Kimberly-Clark (NYSE:KMB), together with its subsidiaries, engages in the manufacture and marketing of health care products worldwide. The company operates in four segments: Personal Care, Consumer Tissue, K-C Professional & Other, and Health Care. This dividend aristocrat has paid uninterrupted dividends on its common stock since 1935, and it has increased payments to common shareholders for 39 consecutive years.
The company’s last dividend increase was in February 2012 when the board approved a 5.70% increase to 74 cents per share. Kimberly-Clark’s largest competitors include Procter & Gamble (NYSE:PG), Colgate-Palmolive (NYSE:CL) and Clorox (NYSE:CLX).
Over the past decade, this dividend growth stock has delivered an annualized total return of 5.70% to its shareholders.
Kimberly-Clark has managed to deliver a 4.40% annual increase in EPS since 2001. Analysts expect KMB to earn $4.83 per share in 2011 and $5.25 per share in 2012. In comparison, KMB earned $4.45 per share in 2010. The company has managed to consistently repurchase 3.10% of its outstanding shares on average in each year over the past decade.

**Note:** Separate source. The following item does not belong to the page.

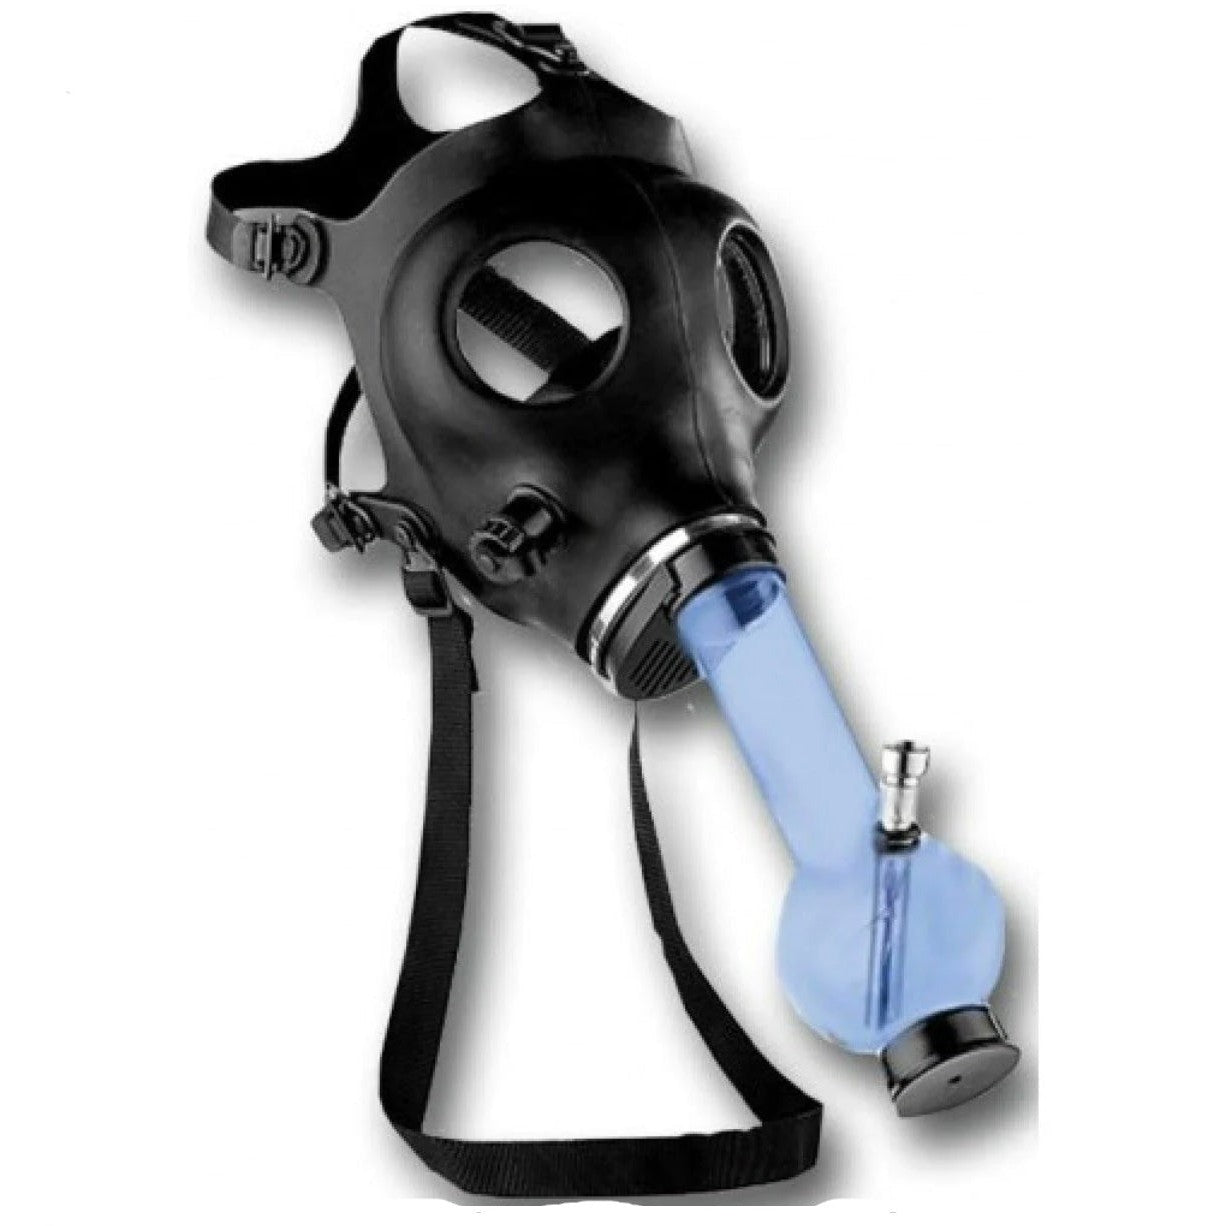 Gas Mask

Kimberly-Clark has been trying to increase market share through product innovation and increased marketing. It’s under intense inflation pressure, but it’s also closely watching costs. It has worked closely in streamlining operations in the sluggish North American market, eliminating positions and closing several facilities under its FORCE plan. KMB plans on realizing $400 million to $500 million in annual cost savings through 2013 with its FORCE plan.
Commodity prices could be detrimental to total costs at the company, as is the competitive nature of developed markets in which Kimberly-Clark does business. As with other consumer products companies, growth is likely to come from developing and emerging markets, rather than developed markets.
Developed markets could benefit from cost-cutting and efficiency, which would decrease the total price of doing business. Under KMB’s global business plan, announced in 2003, it’s looking for annual sales growth in the 3%-5% range, EPS growth in the mid- to high-single digits, and dividend increases in line with earnings growth.
The company’s return on equity has mostly remained above 20% over the past decade, with a few exceptions in 2001 and 2006. Rather than focus on absolute values for this indicator, I generally want to see at least a stable return on equity over time.
The annual dividend payment has increased by 9.70% per year since 2001, which is higher than the growth in EPS.
A 10% growth in distributions translates into the dividend payment doubling every seven years. If we look at historical data going as far back as 1974, KMB has actually managed to double its dividend every seven-and-a-half years on average.
The dividend payout ratio has increased from 37% in 2001 to 59% in 2010. A lower payout is always a plus, since it leaves room for consistent dividend growth, minimizing the impact of short-term fluctuations in earnings.
Currently, Kimberly-Clark is attractively valued at 18 times earnings, has a sustainable dividend payout and yields 4.10%.